The eigenfunction equation is $$ x^2\varphi''+x\varphi'+\lambda\varphi=0 \\ x\varphi''+\varphi'+\lambda\frac{1}{x}\varphi =0 \\ -\frac{d}{dx}\left(x\frac{d}{dx}\varphi\right)=\lambda\frac{1}{x}\varphi. $$ So the Sturm-Liouville problem is studied on $L^2_{\sigma}[0,1]$ where $\sigma=1/x$. To be specific, the inner product on this space is $$ (f,g)_{\sigma} = \int_{1}^{2}f(x)\overline{g(x)}\frac{1}{x}dx. $$ Here $p(x)=x$ and $q(x)=0$.
The problem is a regular problem because the interval is $[1,2]$ where $p$ does not vanish and the coefficients are non-singular.

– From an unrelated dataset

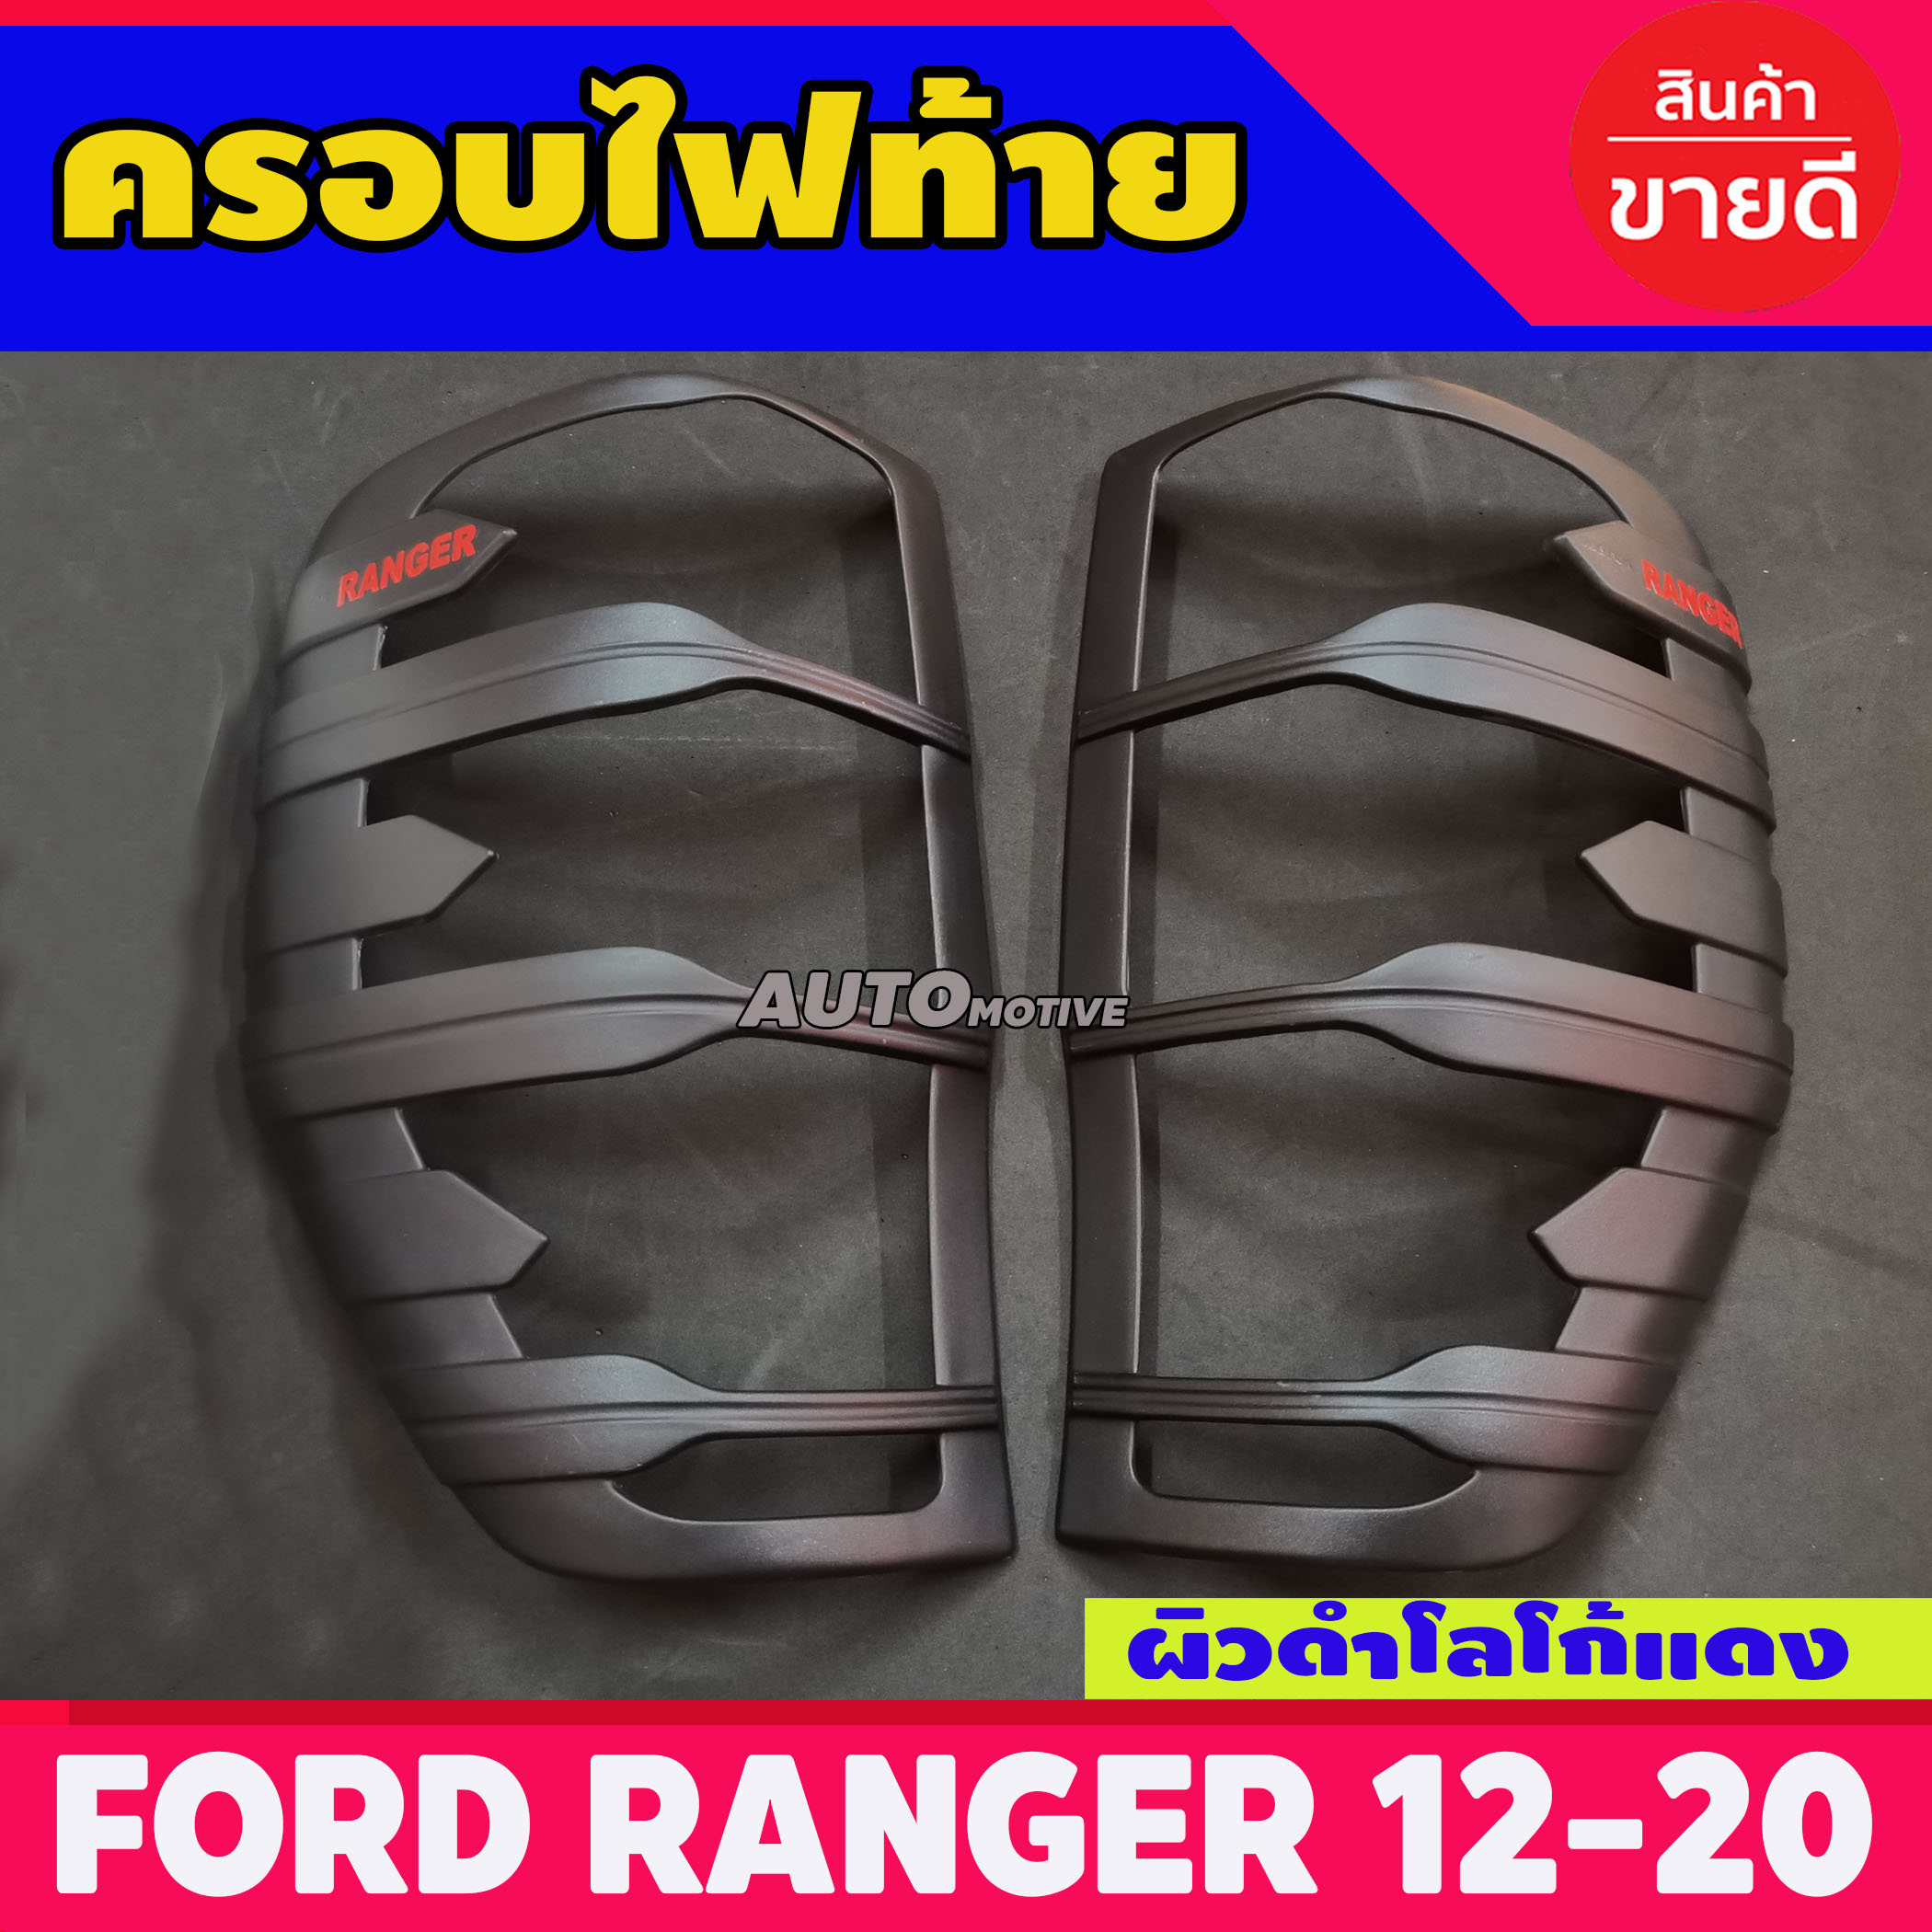 ครอบไฟท้าย Ford Ranger แรนเจอร์ 2012-2020 ผิวดำ+โลโก้สีแดง (A)

By the way, there is a nice trick for getting rid of $p$ from such problems: make the substitution $$ \varphi(x) = \psi\left(\int\frac{1}{p}dx\right) $$ Then $p\frac{d}{dx}\varphi(x)= \psi'\left(\int\frac{1}{p}dx\right)$. In this case the substitution works out really well because the weight $\sigma$ is the reciprocal of $p$: $$ -\frac{1}{x}\psi''\left(\int\frac{1}{p}dx\right)=\lambda\frac{1}{x}\psi\left(\int\frac{1}{p}dx\right) \\ -\psi''(y) = \lambda \psi(y). $$ Here, $y=\int\frac{1}{x}dx=\ln(x)$ ranges over $[0,\ln(2)]$ as $x$ ranges over $[1,2]$. And, when you make the substitution, you're now working on $L^2[0,\ln(2)]$ where the weight is now unity.

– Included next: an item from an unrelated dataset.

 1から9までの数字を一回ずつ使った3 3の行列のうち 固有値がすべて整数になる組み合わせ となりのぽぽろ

Without changing variables, the eigenfunction equation is Euler's equation $$ x^2\varphi''+x\varphi'+\lambda\varphi=0, $$ which always has a solution $x^{\alpha}$ where $$ \alpha(\alpha-1)+\alpha+\lambda=0 \\ \alpha^2+\lambda=0. $$ This leads to two linearly independent solutions if $\lambda \ne 0$: $$ \varphi(x) = Ae^{i\sqrt{\lambda}x}+Be^{-i\sqrt{\lambda}x}. $$ If $\lambda=0$, then $\varphi_{\lambda}=1$ is a solution, and the second independent solution is $\ln x$, which is easily obtained by solving $x^2\varphi'+x\varphi=0$ or $\varphi'/\varphi= -1/x$. $\lambda=0$ is not an eigenvalue because $A+B\ln x$ cannot vanish at $x=1$ and $x=2$ unless $A=B=0$. For non-zero $\lambda$, the solution of $$ x^2\varphi''+x\varphi'+\lambda\varphi=0 \\ \varphi(1)=0,\;\; \varphi'(1)=1 $$ is $\varphi(x) = Ae^{i\sqrt{\lambda}\ln x}+Be^{-i\sqrt{\lambda}\ln x}$ where $$ A+B=0, \;\;\; A-B=\frac{1}{i\sqrt{\lambda}}\\ A = \frac{1}{2i\sqrt{\lambda}},\;\;\; B=-\frac{1}{2i\sqrt{\lambda}},\\ \varphi_{\lambda}(x) = \frac{1}{2i\sqrt{\lambda}}(e^{i\sqrt{\lambda}\ln x}-e^{-i\sqrt{\lambda}\ln x}). $$ The eigenvalues $\lambda$ are the values of $\lambda$ for which $\varphi_{\lambda}(2)=0$, which happens iff $$ \sin(\sqrt{\lambda}\ln 2)=0 \sqrt{\lambda}\ln 2 = \pi,2\pi,3\pi,\cdots \\ \sqrt{\lambda} = \frac{n\pi}{\ln 2} \\ \varphi_{n}(x) = C_n\sin\left(n\pi\frac{\ln x}{\ln 2}\right). $$ The Fourier series for a function $f$ on $[1,2]$ is $$ f(x) = \sum_{n=1}^{\infty}\frac{(f,\varphi_n)_w}{(\varphi_n,\varphi_n)_w}\varphi_n(x) = \sum_{n=1}^{\infty}\frac{\int_{1}^{2}f(t)\varphi_n(t)\frac{1}{t}dt}{\int_{1}^{2}\varphi_n(t)^2\frac{1}{t}dt}\varphi_{n}(x). $$ The integrals are resolved by the substitution $x=\ln t$ so that $\frac{1}{t}dt=dx$ (as suggested by the substitution mentioned above.)